Lake Simcoe bait lockdown

by Guest Author | January 1, 2012

bait lockdown - a boat on Lake SImcoe

Viral hemorrhagic septicemia (VHS) has been confirmed in gobies, perch, and bullheads in Lake Simcoe. The Ministry of Natural Resources (MNR) responded late this past December by creating a new zone around Simcoe up to Gravenhurst where baitfish movements by commercial sellers will not be allowed in or out as of January 1, 2012.

Baitfish harvesters and dealers were given two weeks’ notice, just as bait licences were up for renewal.

Although a public notice had yet to be issued at the time of publication, Dave Brown, manager of Fisheries Policy Section in Peterborough, confirmed the ban would not affect angler bait use at this time.

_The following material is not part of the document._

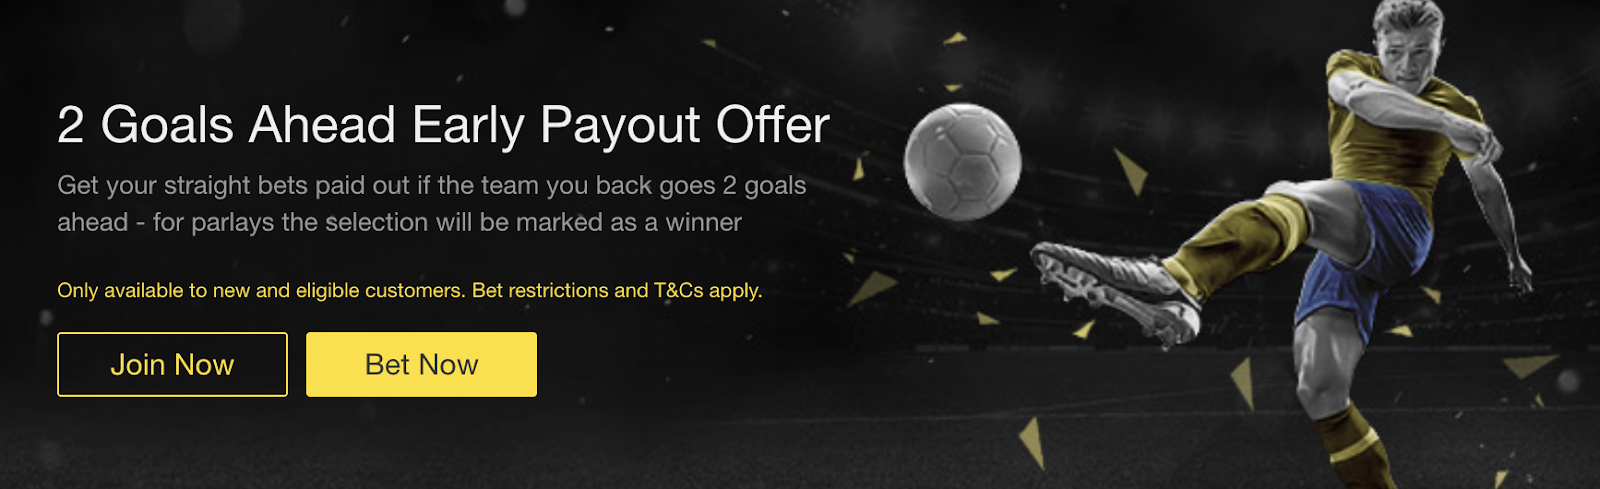 bet365 Sportsbook - 2 Goals Ahead Payout Offer
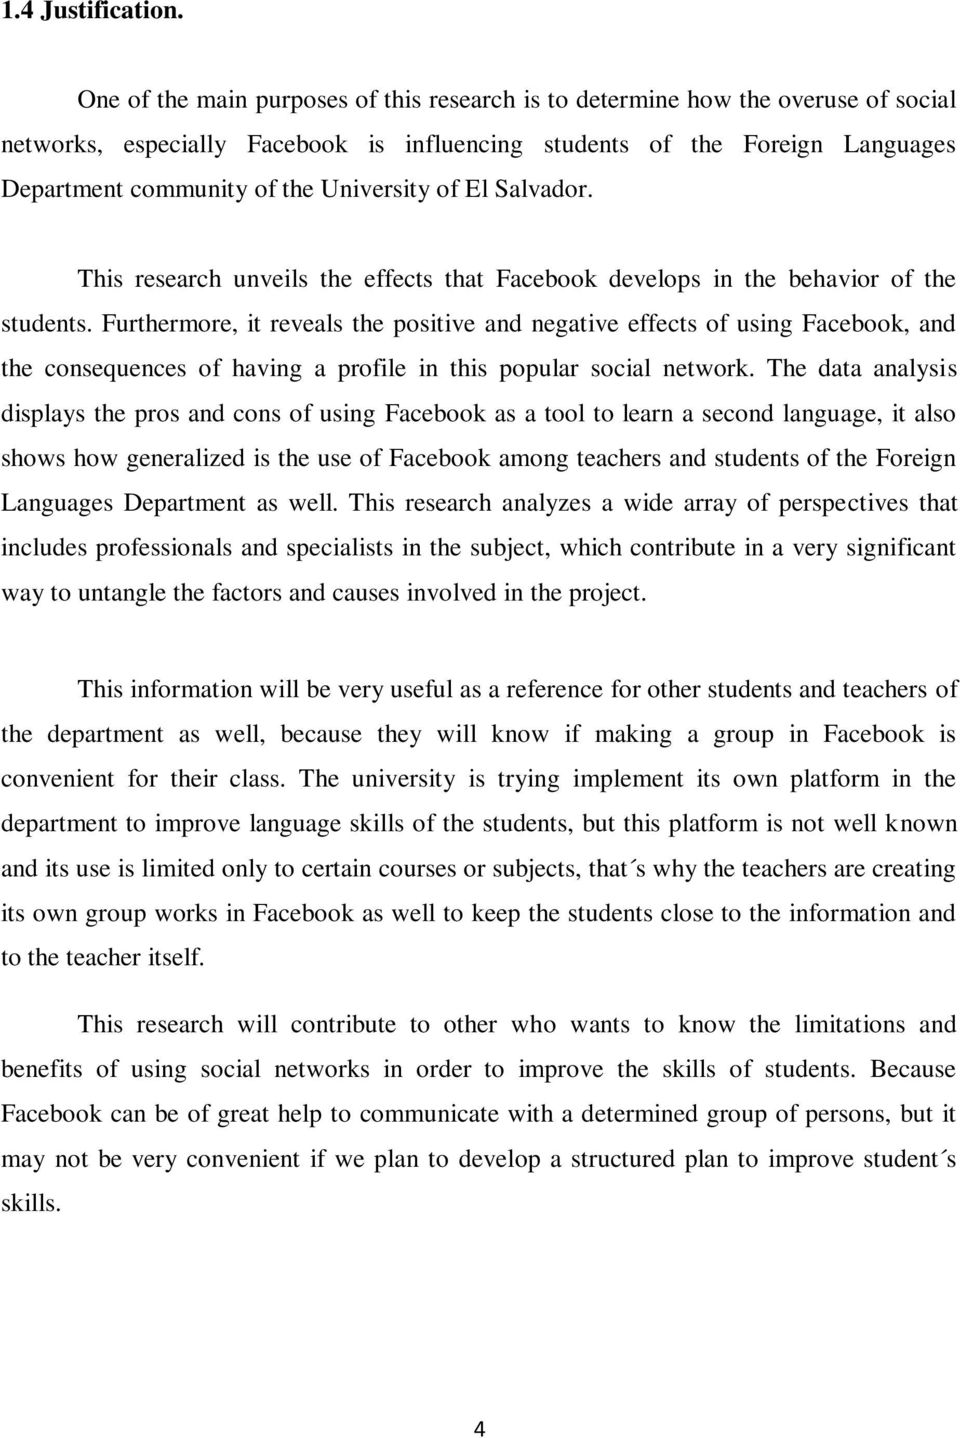 University of El Salvador. This research unveils the effects that Facebook develops in the behavior of the students.

Shipments of Simcoe emerald shiners had already been sent north to dealers in the Nipissing and Temagami areas prior to the ban, says Jim Leworthy, co-holder of a harvester licence. He adds that many more shiners are in holding facilities.

Brown could not confirm that dealers holding Simcoe minnows outside the new zone would be prohibited from selling or moving them.

“Dealers around Ontario rely heavily on them for ice fishing,” said Leworthy. “Without Simcoe shiners, we’re talking massive bankruptcies.” He says small bait and tackle stores will have no “drawing card” to bring in anglers, who also buy tackle.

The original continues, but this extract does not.